Provided data:
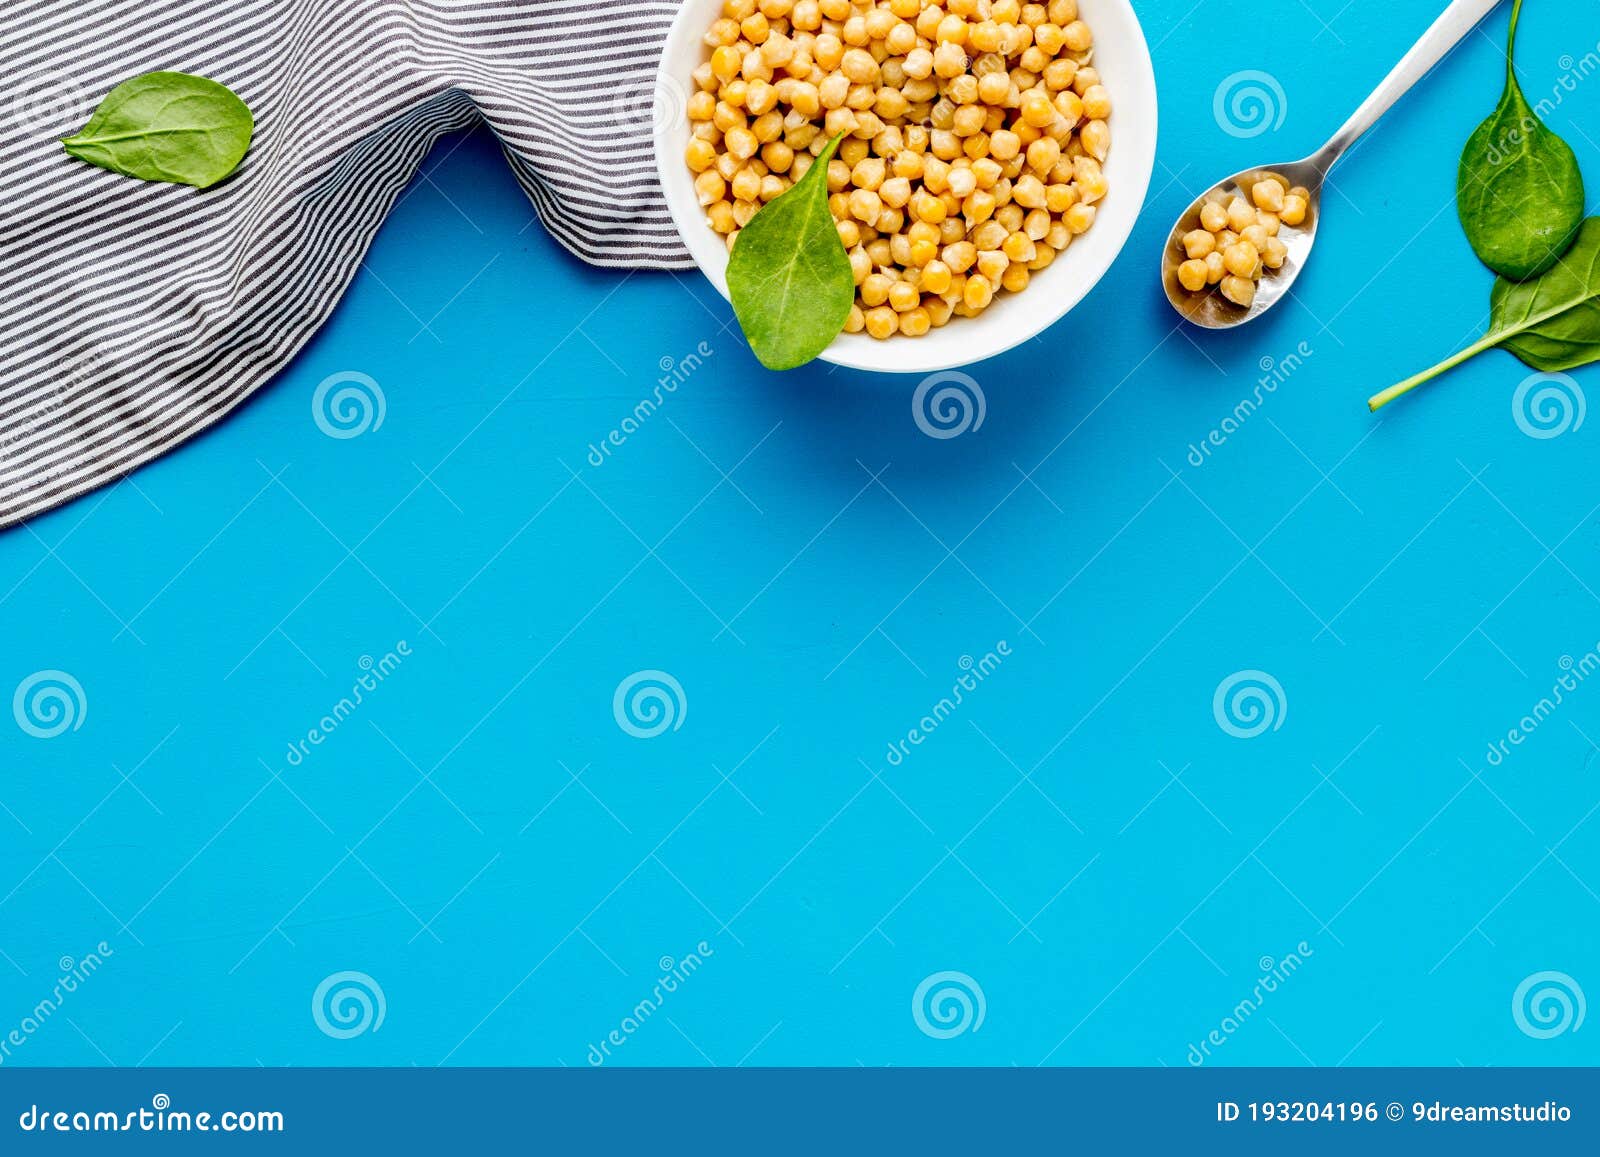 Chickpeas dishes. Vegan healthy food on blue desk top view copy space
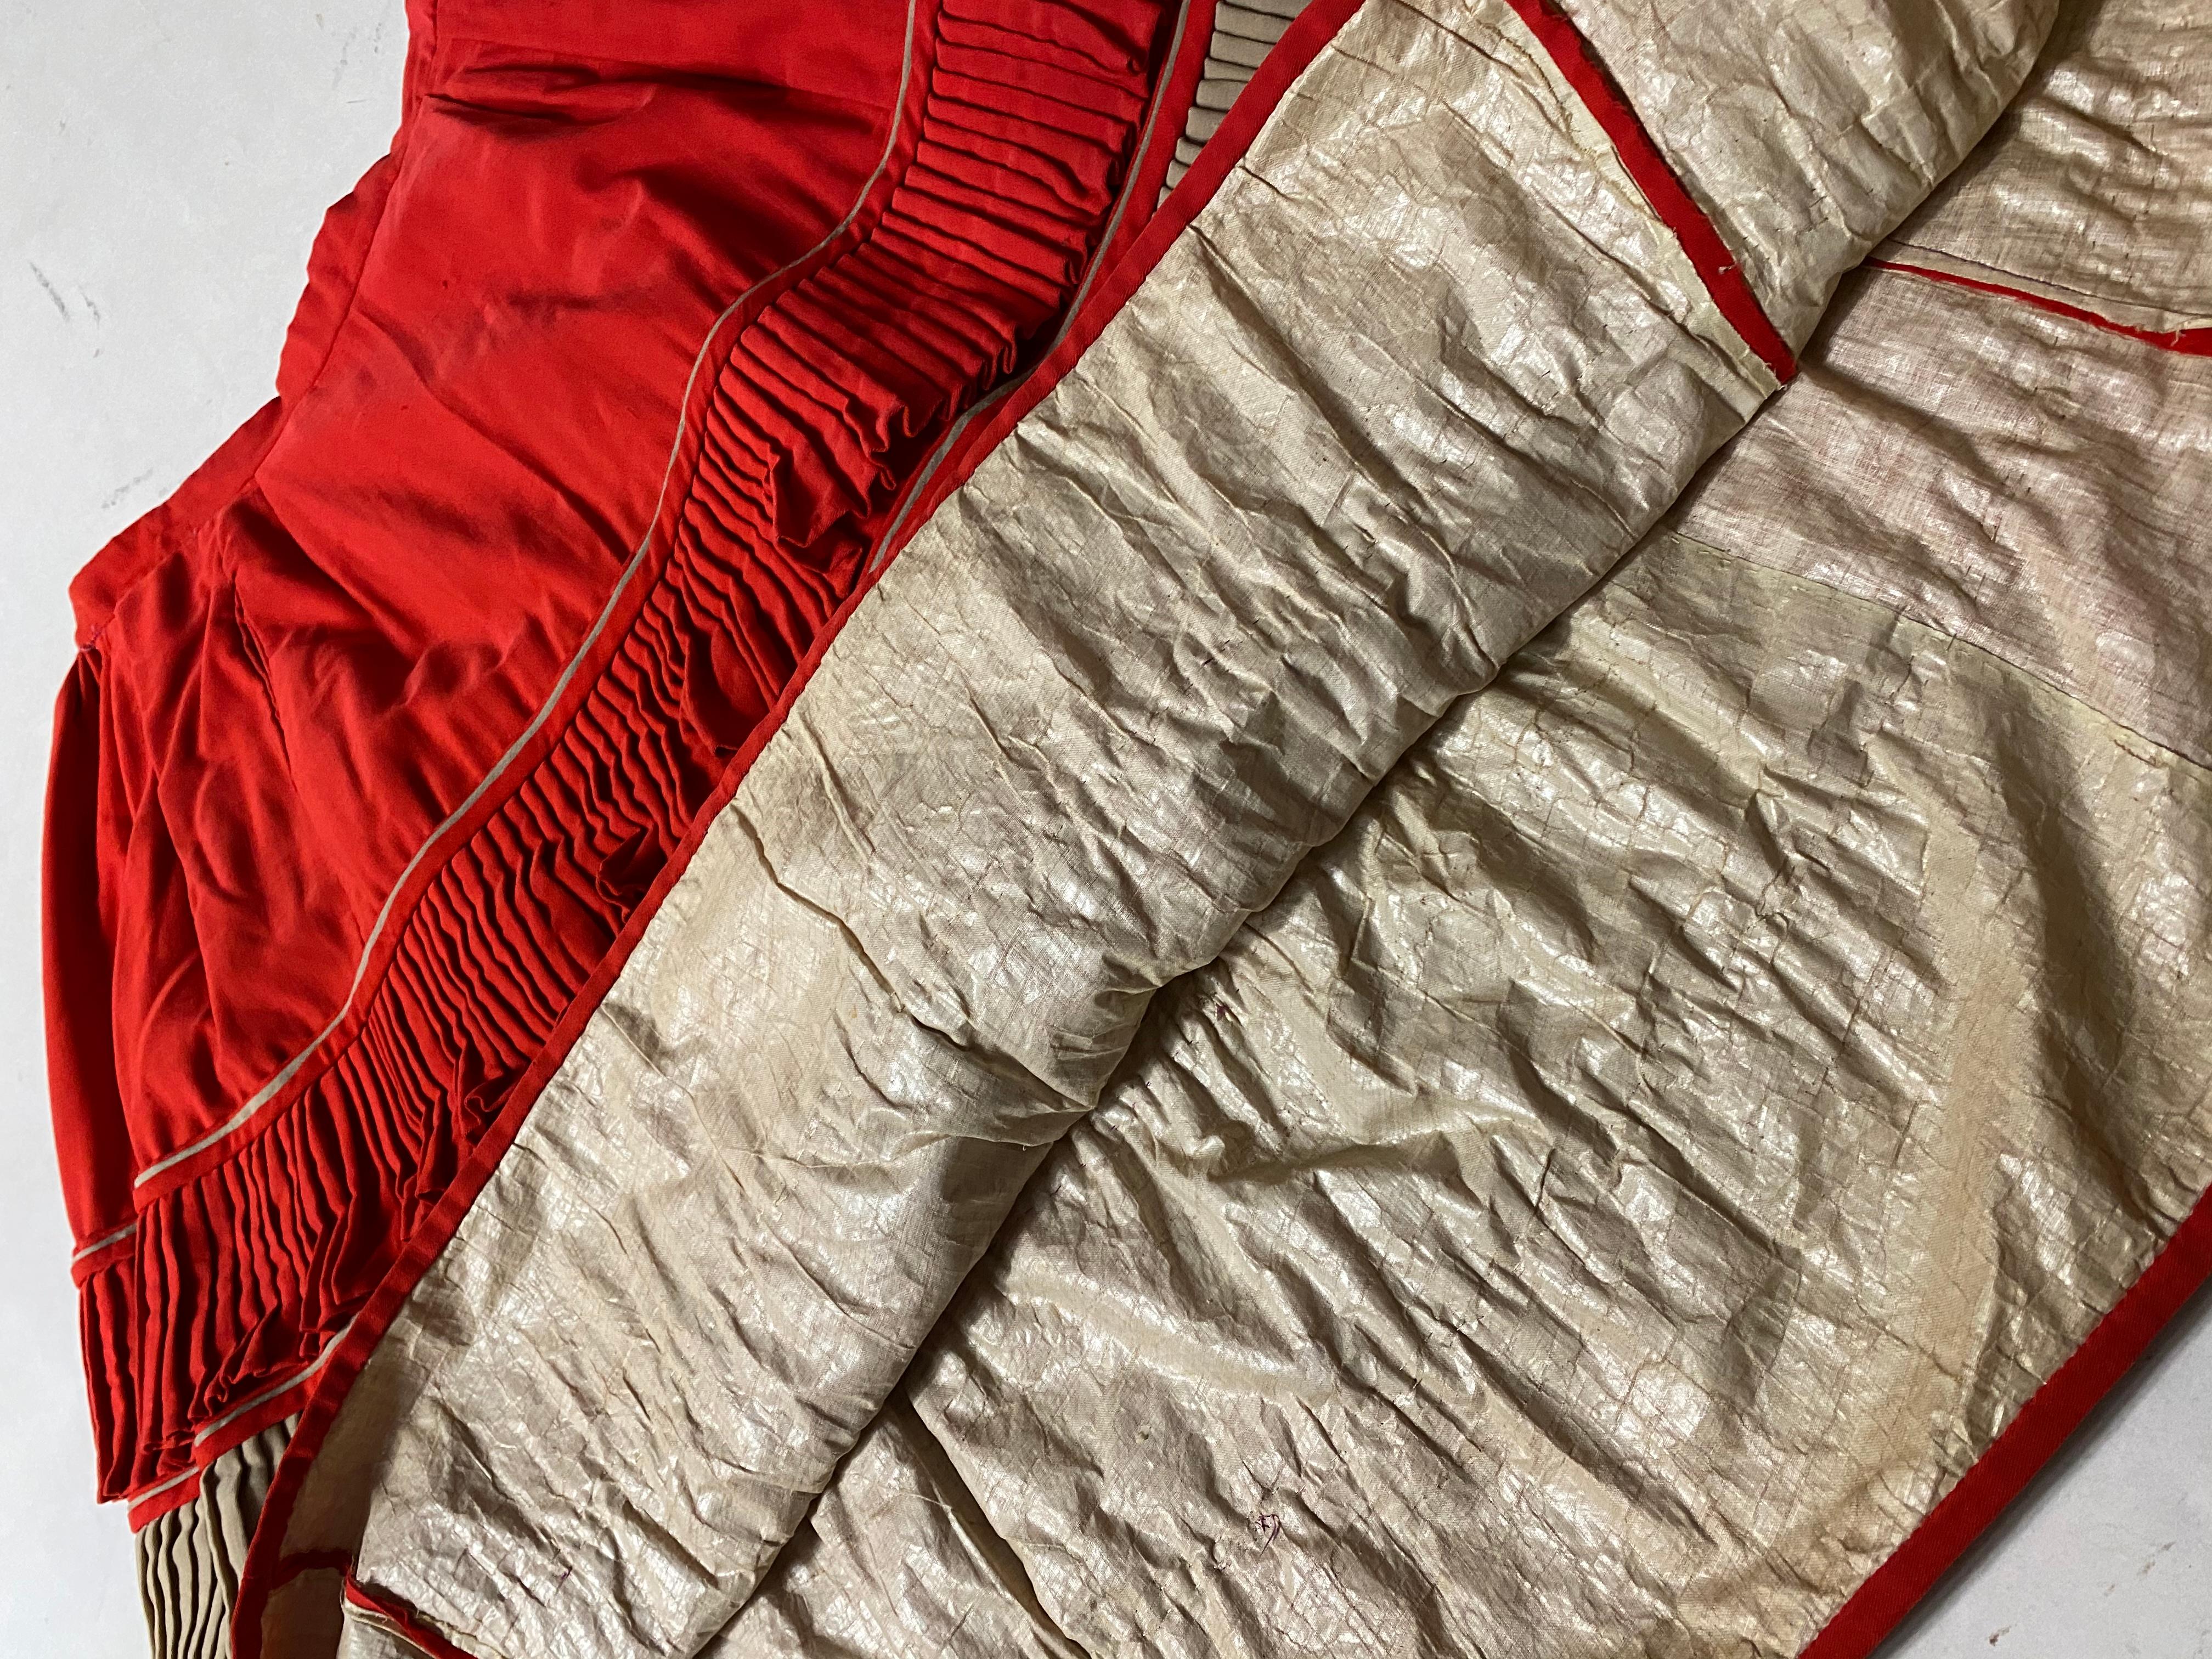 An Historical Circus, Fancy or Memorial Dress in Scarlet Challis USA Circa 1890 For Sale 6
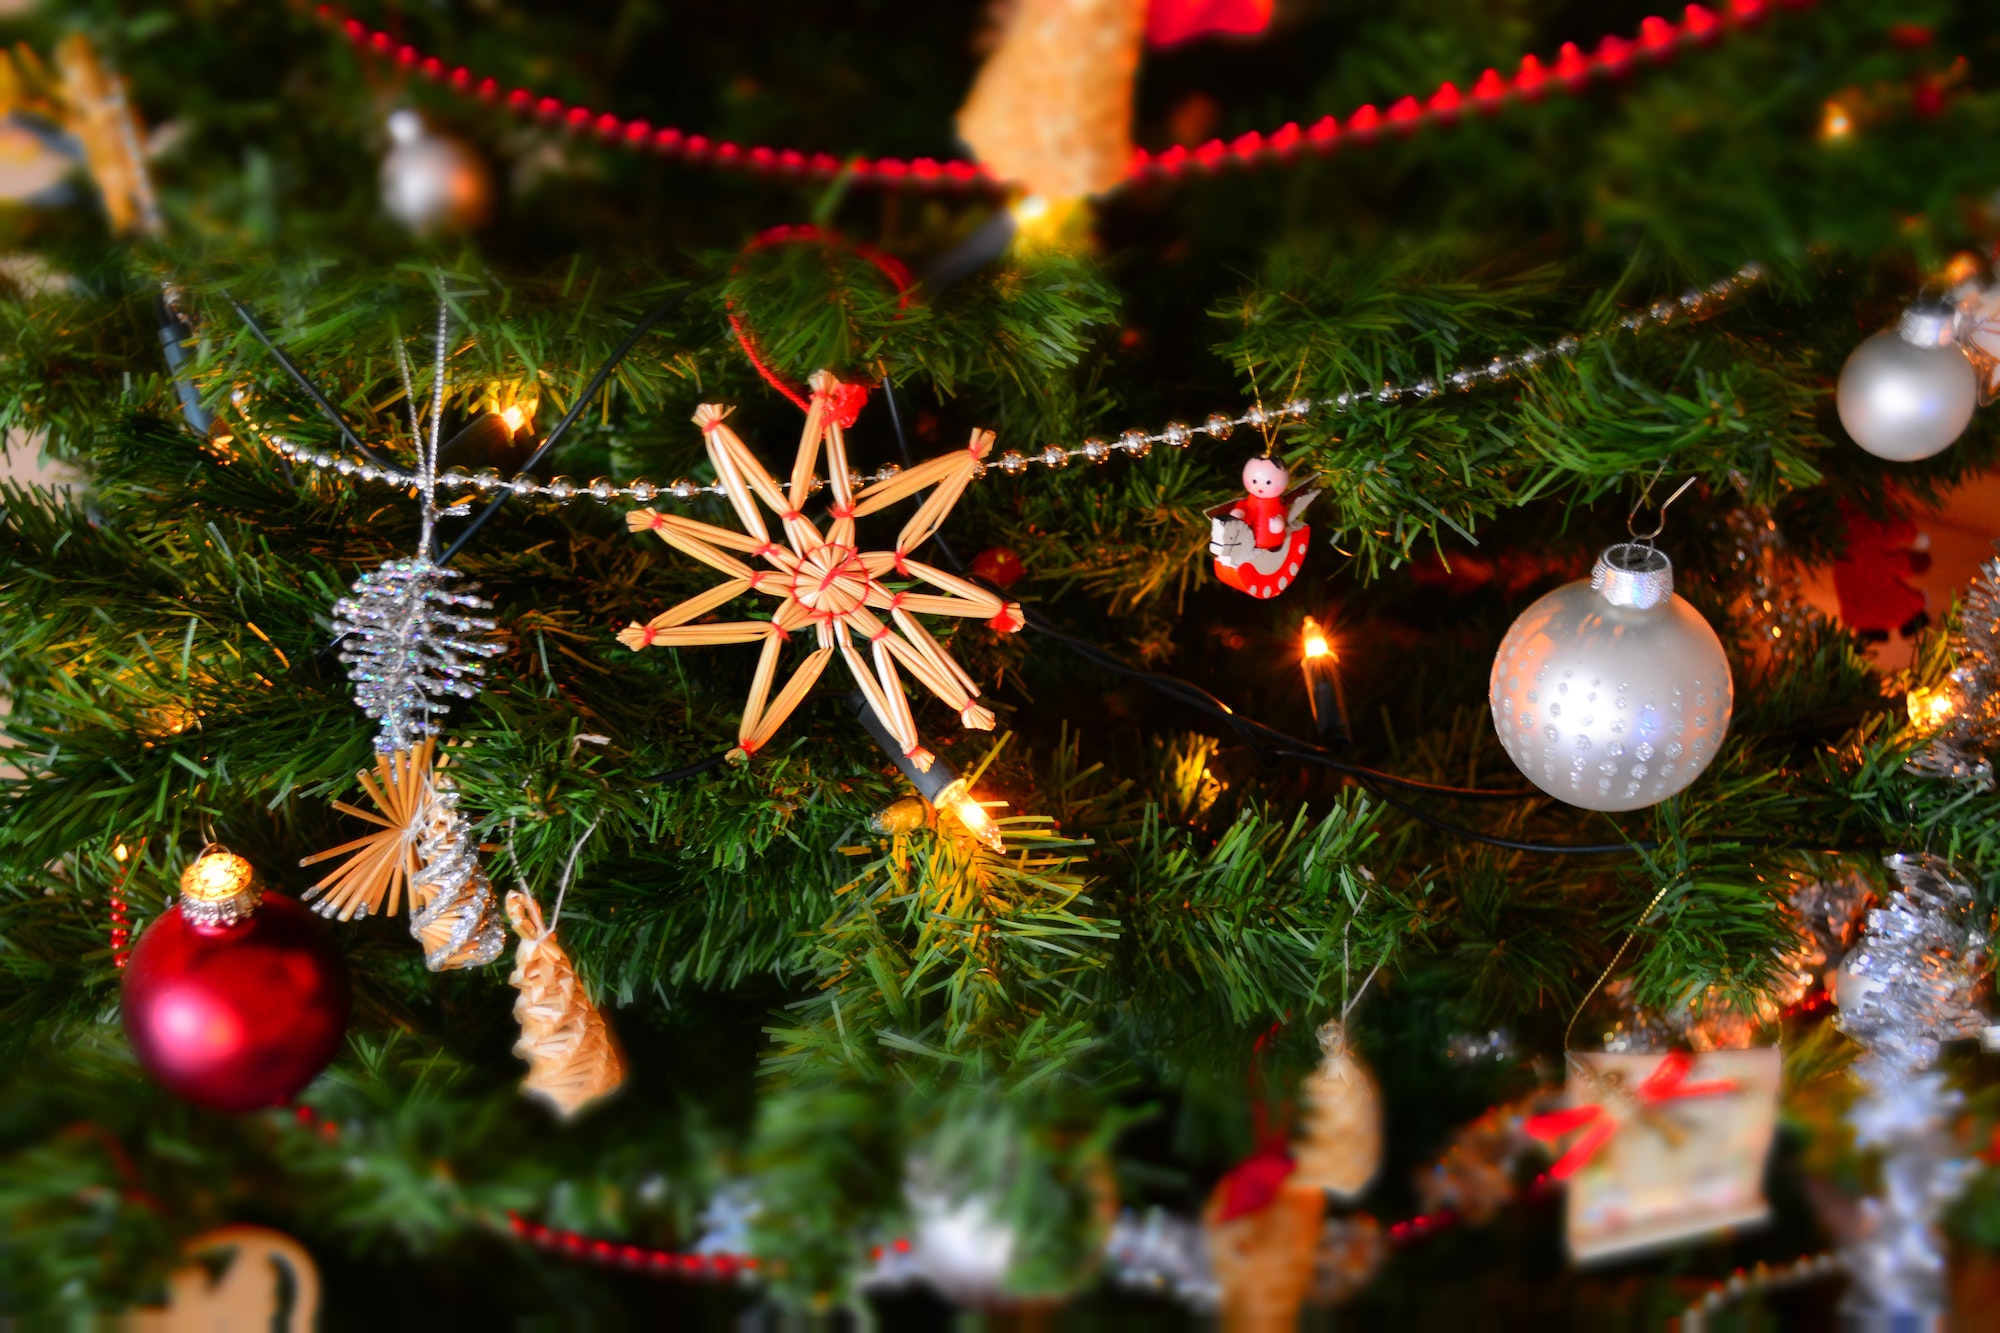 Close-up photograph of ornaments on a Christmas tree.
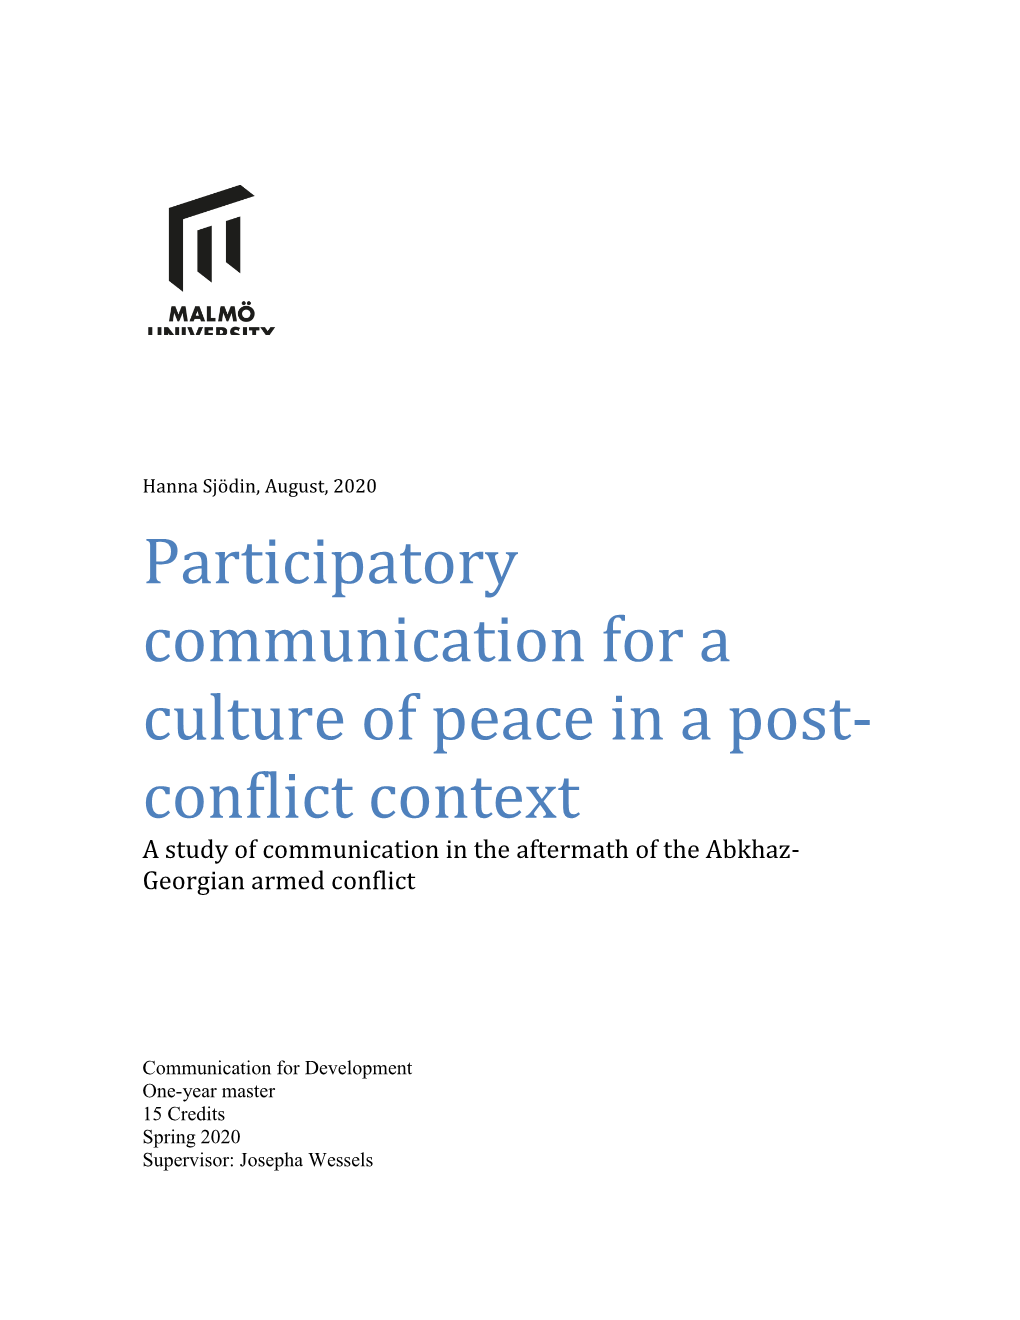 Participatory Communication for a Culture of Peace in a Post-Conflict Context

Task requirements:
Could you reproduce all of the material exactly? Keep the pictures out of it.

Solution below:
 Chickpeas dishes. Vegan healthy food on blue desk top view copy space
 An Historical Circus, Fancy or Memorial Dress in Scarlet Challis USA Circa 1890 For Sale 6
 Close-up photograph of ornaments on a Christmas tree.
 Participatory Communication for a Culture of Peace in a Post-Conflict Context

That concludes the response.